Getuigt ”geloven zonder bewijs” van arrogantie?
Maak je je schuldig aan arrogantie als je Hebreeën 11 inbrengt in een gesprek of discussie?
Een opmerking in een ”brief” in Elsevier (19-10) bleef haken: „Juist geloofssystemen zijn het toonbeeld van arrogantie vanwege het propageren van stellige opvattingen zonder bewijs (geloofsdefinitie van Hebreeën 11:1).” Stelt degene die zich beroept op deze tekst zich inderdaad arrogant op? Weigert hij of zij op redelijke wijze verantwoording af te leggen van grondovertuigingen? Schuif je met een beroep op deze woorden de argumenten van mensen met een andere levensovertuiging op goedkope wijze ter zijde?
Op de klank af lijken de woorden waarmee hoofdstuk 11 begint een moderne definitie. Het is echter de vraag of de schrijver ze ook als een definitie bedoeld heeft.
Paulus’ brieven beginnen volgens een vast patroon. De afzender richt zich tot de geadresseerden en spreekt een zegenwens uit. De Hebreeënbrief is meer te typeren als een preek die met de deur in huis valt: „Nadat God voorheen vele malen en op vele wijzen tot de vaderen gesproken had door de profeten, heeft Hij in deze laatste dagen tot ons gesproken door de Zoon.”
De situatie van de geadresseerden lijkt op die van het volk Israël tijdens de woestijnreis.
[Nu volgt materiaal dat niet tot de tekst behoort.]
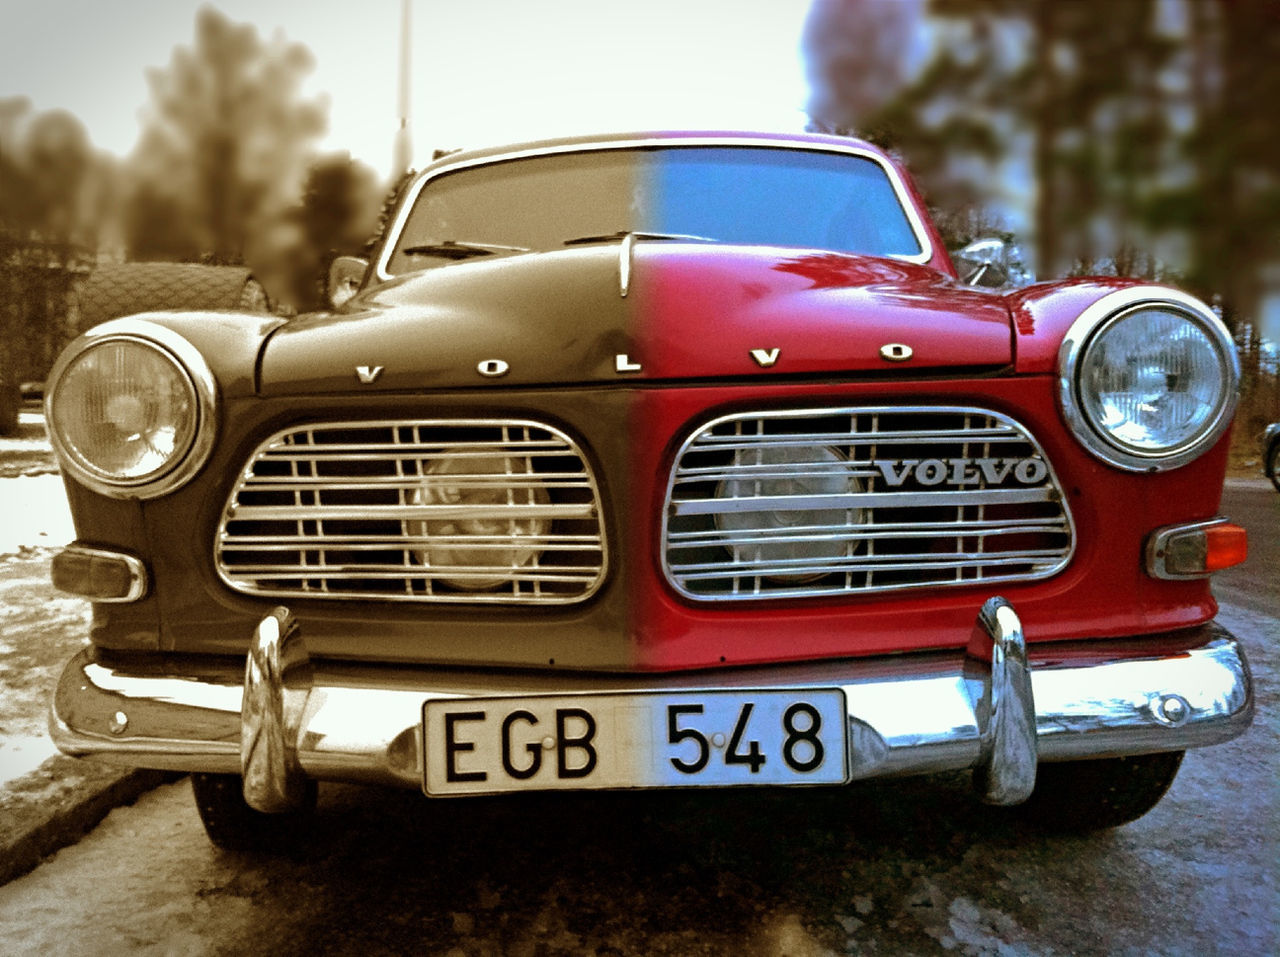 transportation, land vehicle, mode of transport, car, focus on foreground, close-up, red, street, travel, communication, vintage car, day, old-fashioned, outdoors, no people, headlight, road, stationary, yellow, part of

Steeds wordt de gemeente die geroepen is om de Heere Jezus te volgen, vergeleken met Israël in het Oude Testament. De weg naar het Beloofde Land is lang en moeizaam. Afval en matheid liggen op de loer. De aansporing is nodig om niet achterop te raken of zelfs af te vallen van het geloof. Vandaar de aansporing om de belijdenis vast te houden en elkaar niet uit het oog te verliezen: „Laten wij de onderlinge bijeenkomst niet nalaten” (10:25), want alleen zou de weg te zwaar zijn en zouden we het einddoel van de reis niet bereiken. Tegen mensen wier geloof geducht op de proef wordt gesteld, zegt de apostel dat zij goed moeten letten op de gelovigen van het Oude Testament. Ter bemoediging trekt een lange stoet van mensen voorbij.
Wil de apostel een ”definitie” van geloof geven? Verschillende overwegingen pleiten daartegen. Ten eerste is al eerder over geloof gesproken: „Laten wij tot Jezus naderen in volle zekerheid van het gelóóf” (10:22). Van de lezers wordt verwacht dat zij al weten wat met het geloof bedoeld wordt. Ten tweede valt op dat in deze ”definitie” met geen woord gesproken wordt over God of Christus. Bij een definitie van het geloof zou dat toch het eerste zijn waar je aan denkt. Ten slotte zijn de woorden niet bedoeld als een omschrijving van wat geloven is, maar wordt van het geloof gezegd dat het de drijvende kracht is die mensen in moeilijke situaties vooruit doet zien en de hoop aanwakkert dat de beloften van God zeker vervuld zullen worden.
De apostel begint hoofdstuk 11 niet met een definitie van geloof (in het Grieks ontbreekt het lidwoord!). Geloof is wel het onderpand van de beloofde toekomst en het bewijs van de komende grote daden van God. Overschat het zichtbare niet. Laat je niet imponeren door al die dingen die je nu ziet in deze wereld en die je de moed kunnen benemen. Geloven begint niet met zien, maar met horen. Zien en aanschouwen – dat hoort bij de toekomst. Geloof zal dan overgaan in aanschouwen. Nu komt het aan op horen en je toevertrouwen aan de beloften van God. Kijk maar naar al die mensen die aan je oog voorbijtrekken in dit hoofdstuk – met hun ogen hebben zij niet gezien wat God beloofd had, maar met hun oren hebben zij de beloften gehoord en ze hebben zich daar met heel hun hart aan toevertrouwd. Geloven begint met horen en ge-hoor-zamen. Abraham en alle anderen geloofden hun oren, niet hun ogen.
Maak je je schuldig aan arrogantie als je Hebreeën 11 inbrengt in een discussie? Nee, met deze woorden mogen we getuigen van de hoop dat God een betere, rijkere en grotere toekomst heeft weggelegd voor hen die zich aan Zijn stem toevertrouwen. We propageren geen onbewezen opvattingen, maar gunnen anderen deze hoop.
De auteur is bijzonder hoogleraar geschiedenis gereformeerd protestantisme vanwege de Gereformeerde Bond aan de PThU in Amsterdam en predikant van de hervormde wijkgemeente Grote Kerk in Hilversum.